Tak Akur dengan Netanyahu, Mantan Menhan Israel Yoav Gallant Mundur dari Parlemen
Gallant terkenal dengan pandangannya yang seringkali mandiri dan terkadang bertentangan dengan kebijakan pemerintahan Netanyahu.
Mantan Menteri Pertahanan Israel, Yoav Gallant, mengumumkan pengunduran dirinya dari jabatan sebagai anggota Knesset (parlemen Israel) pada Rabu (1/1/2025). Gallant sering kali memiliki pandangan yang bertentangan dengan Perdana Menteri Benjamin Netanyahu serta para sekutu dari koalisi pemerintahannya yang berasal dari partai-partai kanan jauh. Dia dipecat oleh Netanyahu pada November 2024 setelah berbulan-bulan terjadi perbedaan pendapat mengenai strategi penanganan perang melawan Hamas di Jalur Gaza. Meskipun demikian, Gallant tetap mempertahankan posisinya sebagai anggota Knesset yang terpilih.
Dalam pernyataan yang disiarkan di televisi, Gallant menyampaikan, "Seperti halnya di medan perang, demikian pula dalam pelayanan publik. Ada saat-saat di mana seseorang harus berhenti, mengevaluasi, dan memilih arah untuk mencapai tujuan," yang menunjukkan bahwa dia merasa perlu untuk mengambil langkah mundur. Perselisihan antara Gallant dan Netanyahu, serta sekutu-sekutu koalisinya dari partai-partai kanan jauh dan partai agama, mencakup isu sensitif mengenai pengecualian wajib militer bagi pria Yahudi ultra-Ortodoks, yang Gallant tolak.
Pada Maret 2023, Netanyahu sempat memecat Gallant setelah yang terakhir meminta agar rencana pemerintah untuk membatasi kekuasaan Mahkamah Agung dihentikan. Namun, pemecatan tersebut memicu protes besar-besaran, sehingga Netanyahu terpaksa membatalkan keputusannya.

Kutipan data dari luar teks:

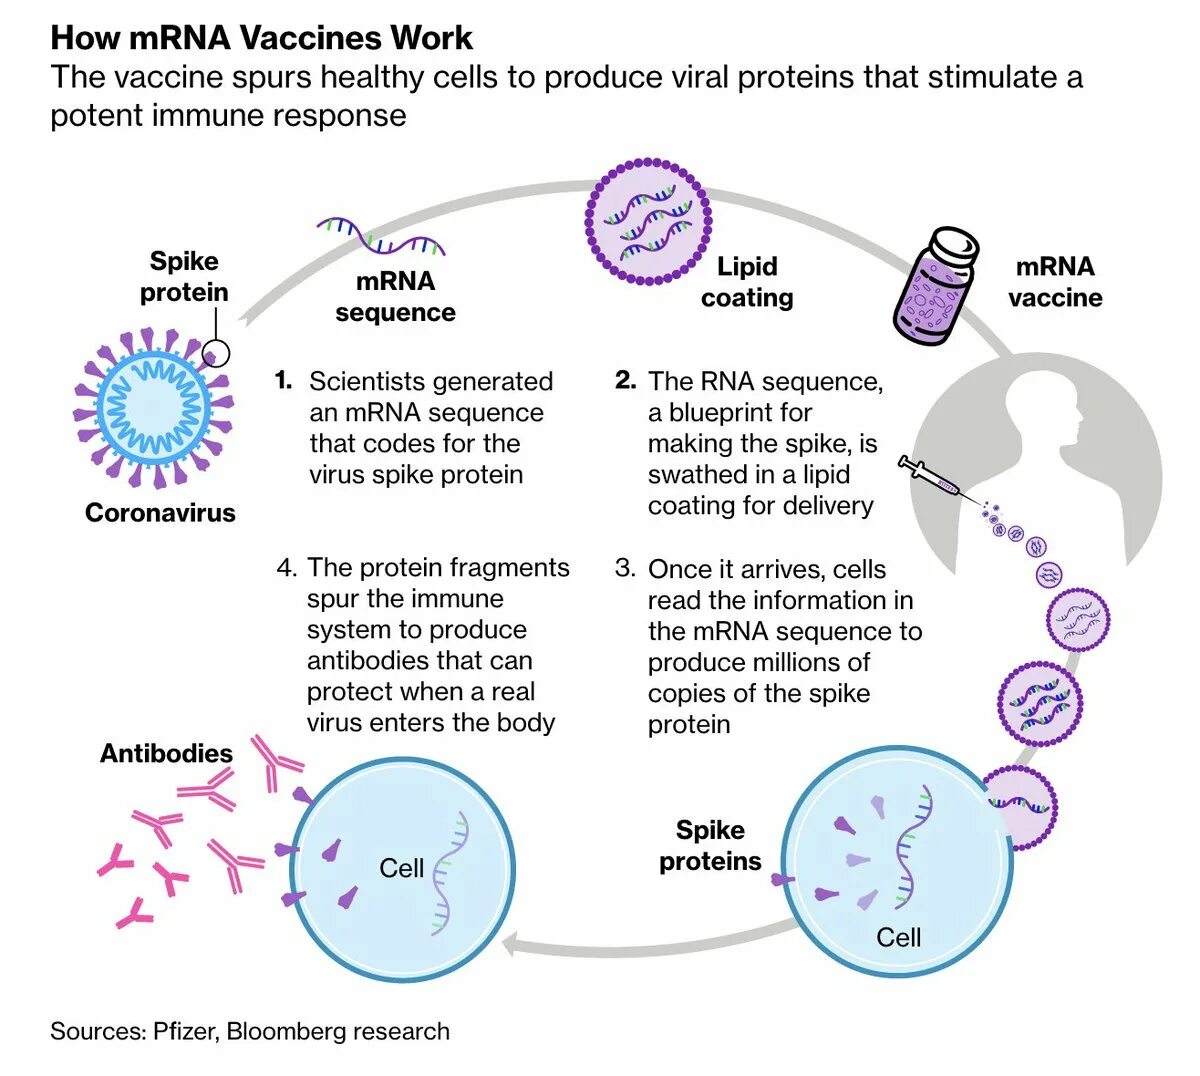 Covid 19 vaccine MRNA. Вакцина коронавирус MRNA. МРНК вакцина. MRNA vaccine Pfizer.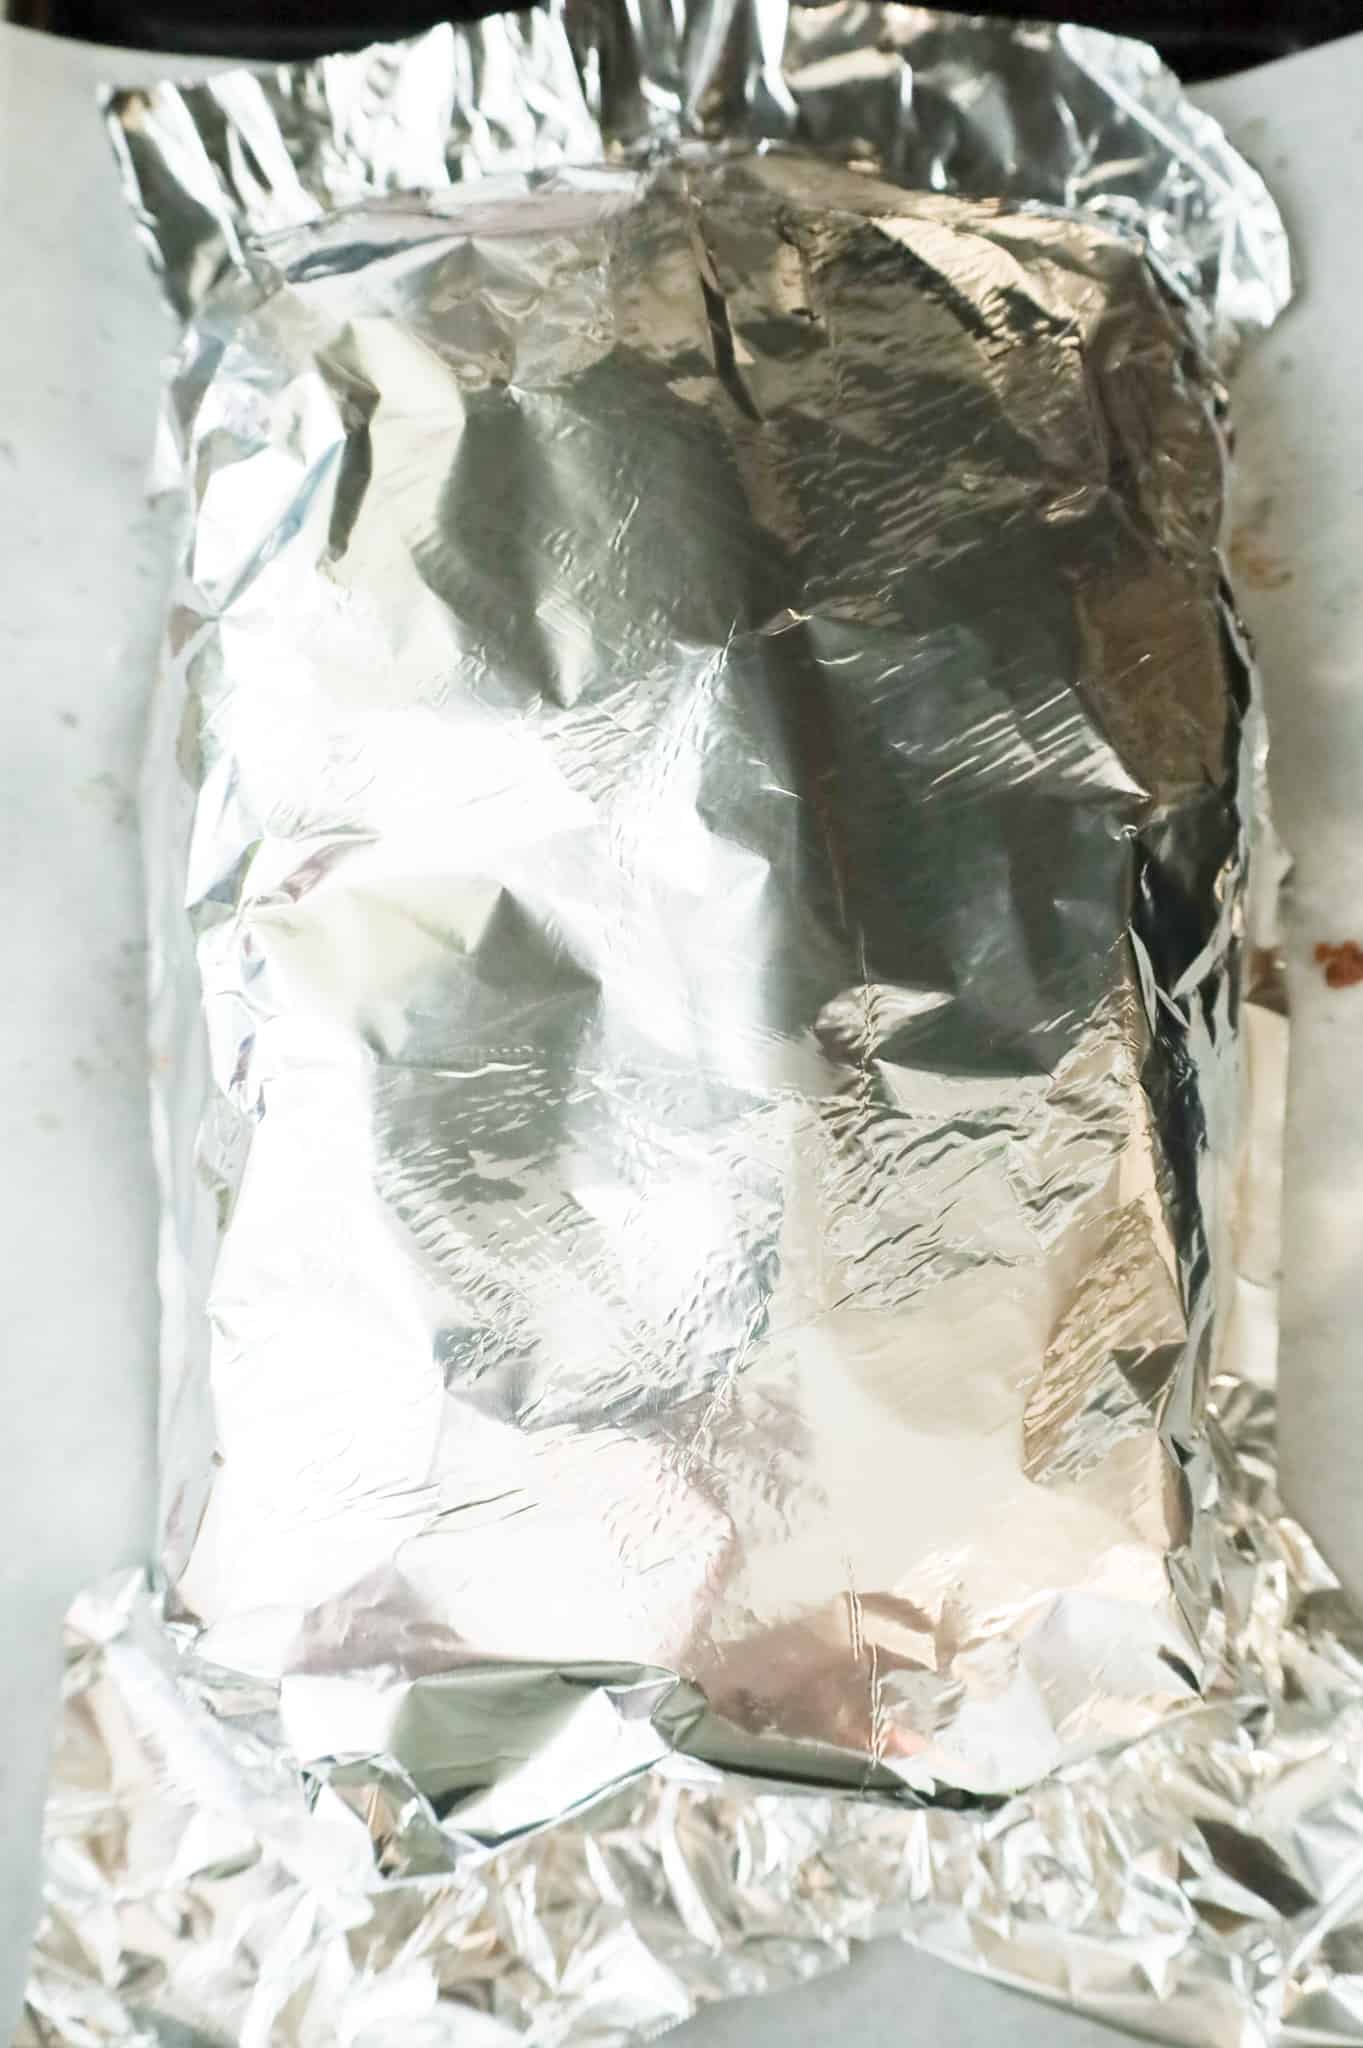 aluminum foil covering sliders on a baking sheet

Selain itu, Mahkamah Pidana Internasional telah mengeluarkan surat perintah penangkapan untuk Yoav Gallant dan Netanyahu, yang dituduh melakukan kejahatan perang dan kejahatan terhadap kemanusiaan terkait konflik di Jalur Gaza. Namun, Israel membantah semua tuduhan tersebut, menegaskan bahwa mereka tidak melakukan pelanggaran. Situasi ini mencerminkan ketegangan yang terus berlangsung dalam politik Israel, di mana perbedaan pandangan sering kali memicu konflik baik di dalam negeri maupun di arena internasional.